By Diagnostics World Staff
April 13, 2017 | Nanobiosym announced that the U.S. Food and Drug Administration (FDA) has issued an Emergency Use Authorization (EUA) for the Gene-RADAR Zika Virus Test.
The Gene-RADAR Zika Virus Test is authorized for the qualitative detection of RNA from Zika virus in human serum from individuals meeting Centers for Disease Control and Prevention (CDC) Zika virus clinical and/or epidemiological criteria by laboratories in the U. S. that are certified under the Clinical Laboratory Improvement Amendments of 1988 (CLIA), 42 U.S.C. § 263a, to perform high complexity tests, or by similarly qualified non-U.S. laboratories.
This test has not been FDA-cleared or approved and is only authorized for use for the duration of the declaration that circumstances exist justifying the authorization of the emergency use of in vitro diagnostic tests for detection of Zika virus and/or diagnosis of Zika virus infection under section 564(b)(1) of the Act, 21 U.S.C. § 360bbb-3(b)(1), unless the authorization is terminated or revoked sooner.
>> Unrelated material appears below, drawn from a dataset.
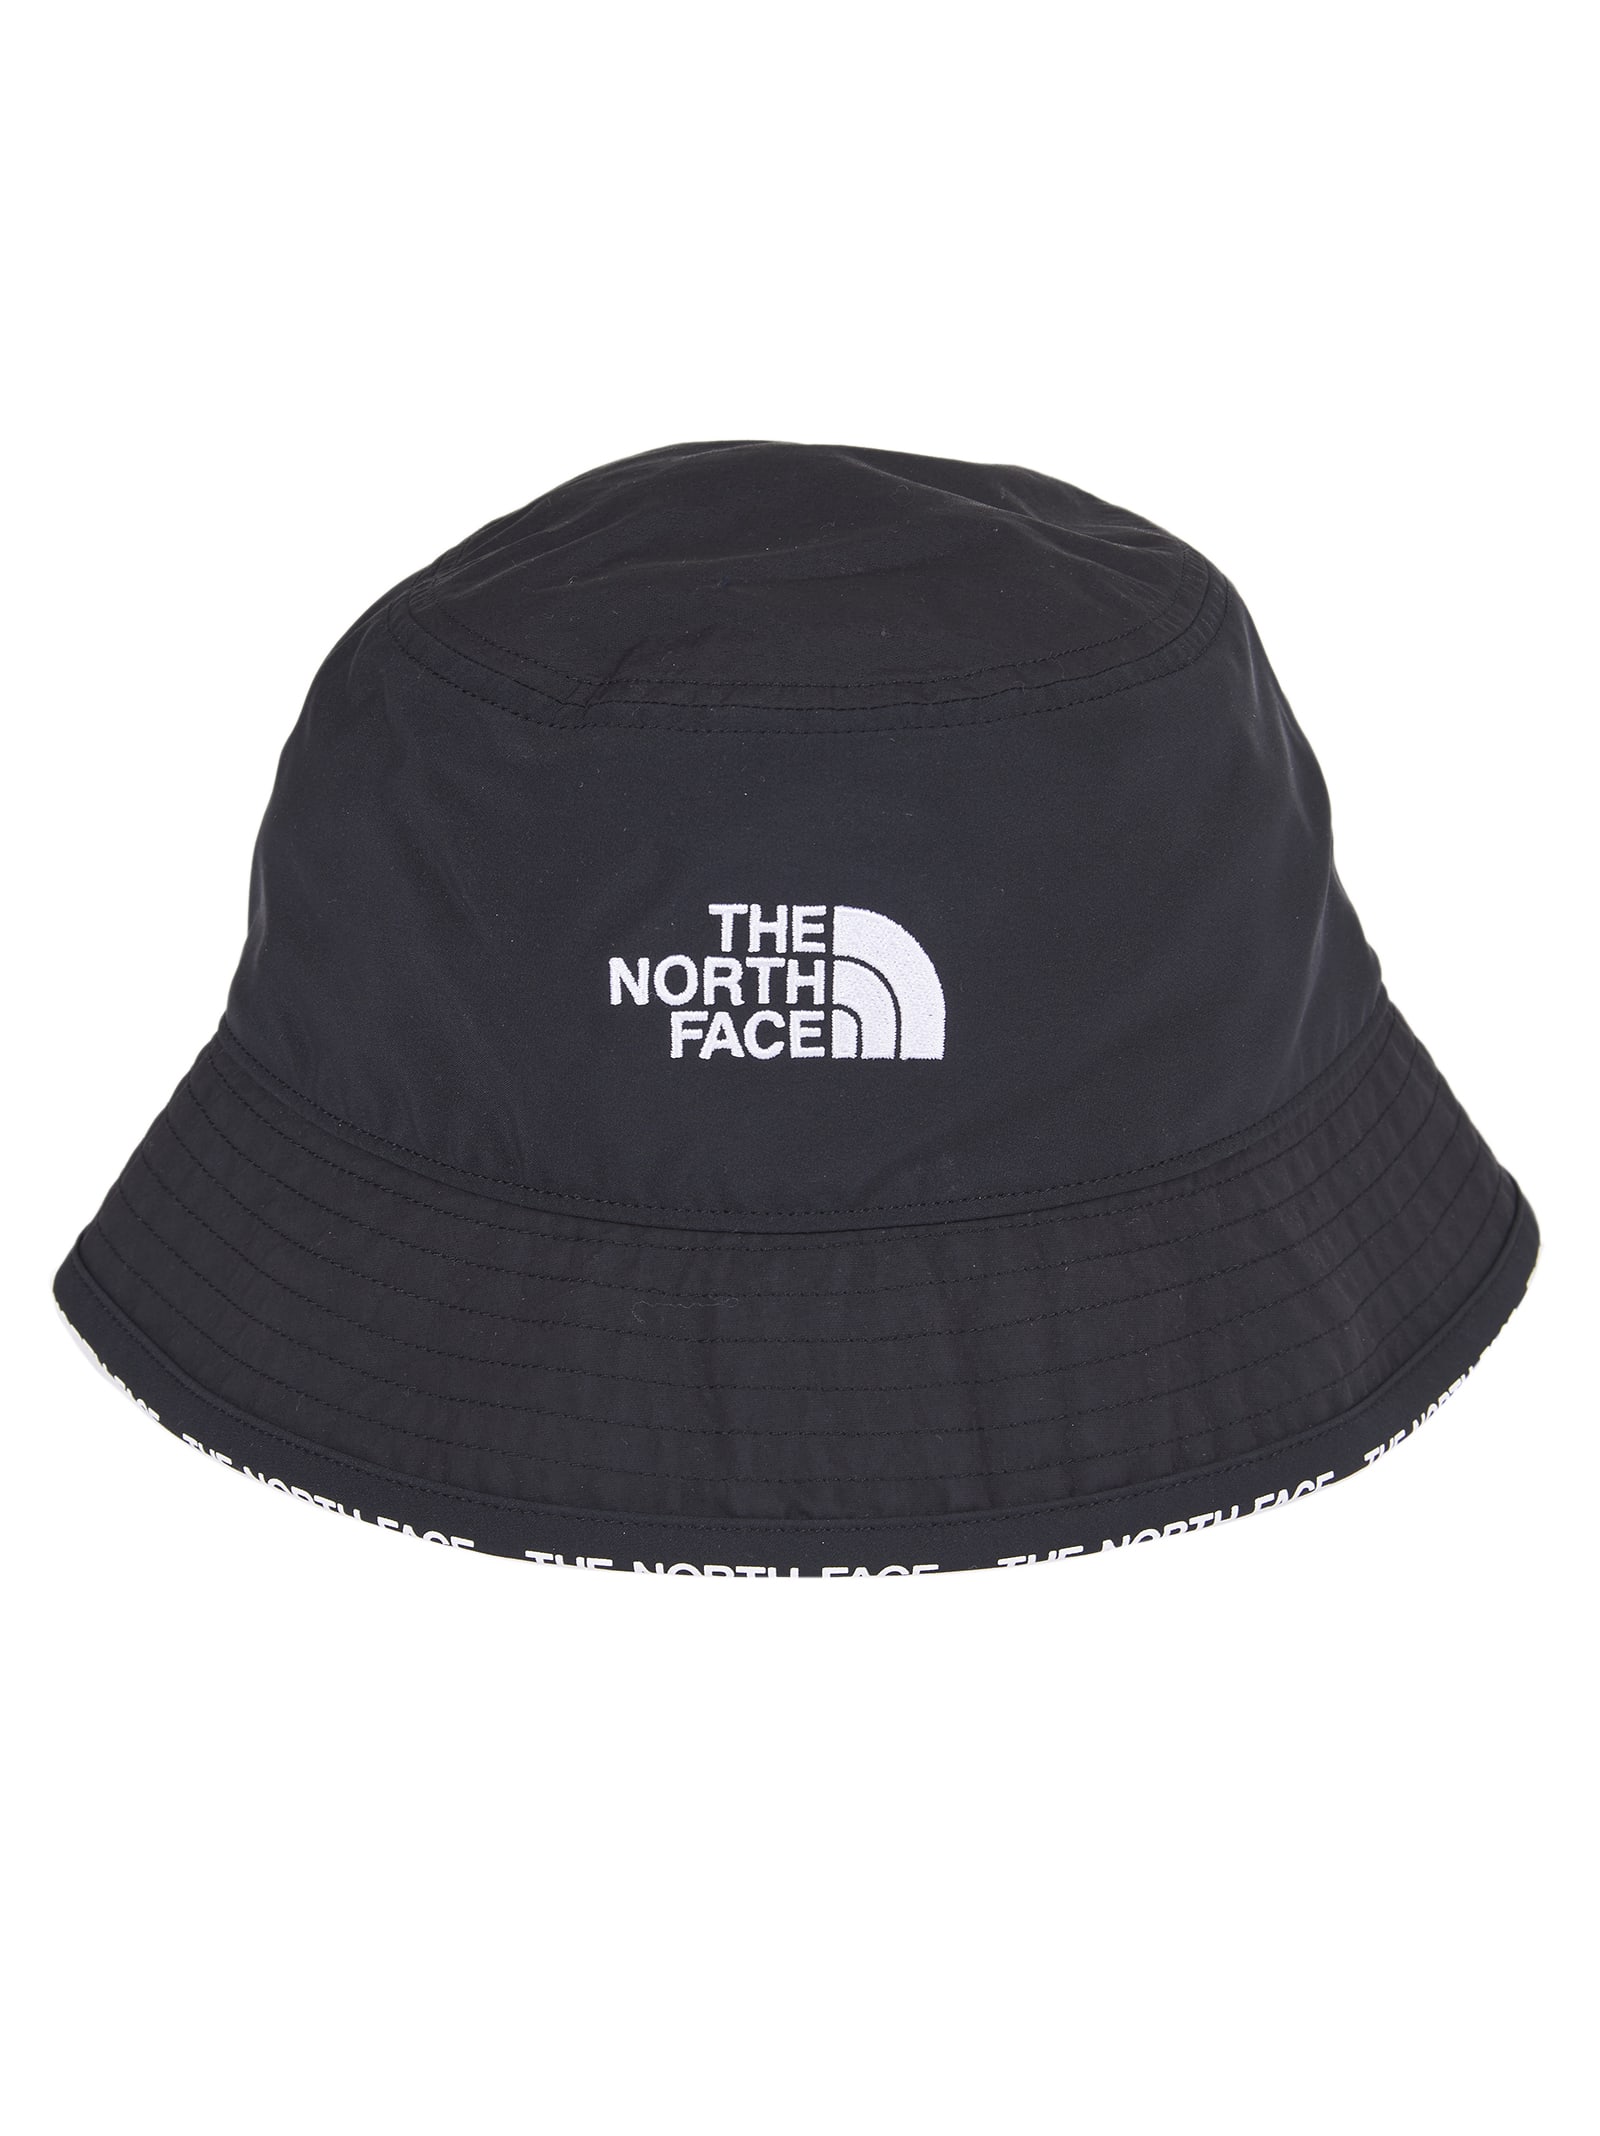 The North Face Class V Brimmer Bucket Hat In Black | ModeSens
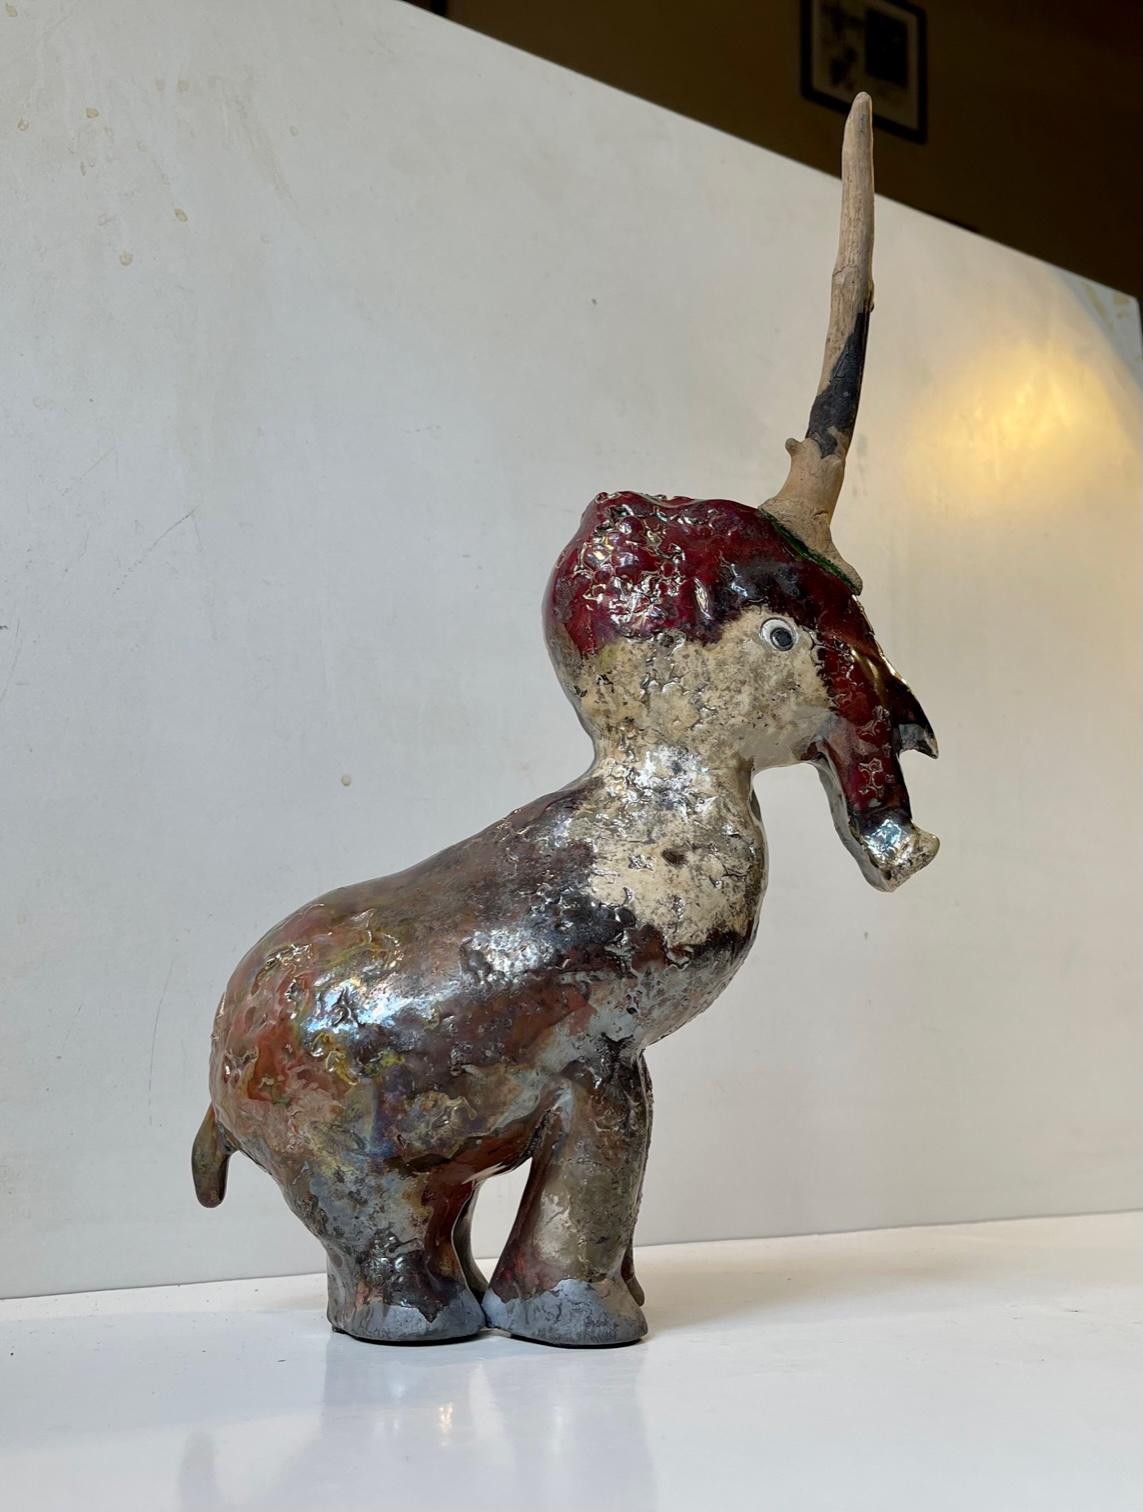 Unique artist/ceramist signed unicorn in Baku burnt stoneware. A waste variety of different glaze colors and the 'horn' itself is actually made from wood. Unknown/un-identified Danish ceramist circa 2000 is a style reminiscent of Sten Lykke Madsen.

“Typically you should see the EUA as a pathway for the technology to get to people who need it in the face of an emergency sooner,” Anita Goel, Chairman and CEO of Nanobiosym, told Diagnostics World. Goel says that once companies are granted the EAU it becomes easier for them to transition to another classification once they apply more data.
According to the Centers for Disease Control (CDC), more than 43,000 people in the U.S. and its territories have already been infected by the Zika virus, including at least 4,750 pregnant women. One of the greatest threats of Zika infection occurs during pregnancy, potentially resulting in significant neurological problems in the developing baby, such as severe microcephaly, decreased brain tissue and brain damage.
“This FDA EUA represents a major milestone towards realizing our deeper vision: to decentralize, personalize, and mobilize the next generation of healthcare, much like cell phones transformed the telecommunications industry,” Goel wrote in a statement.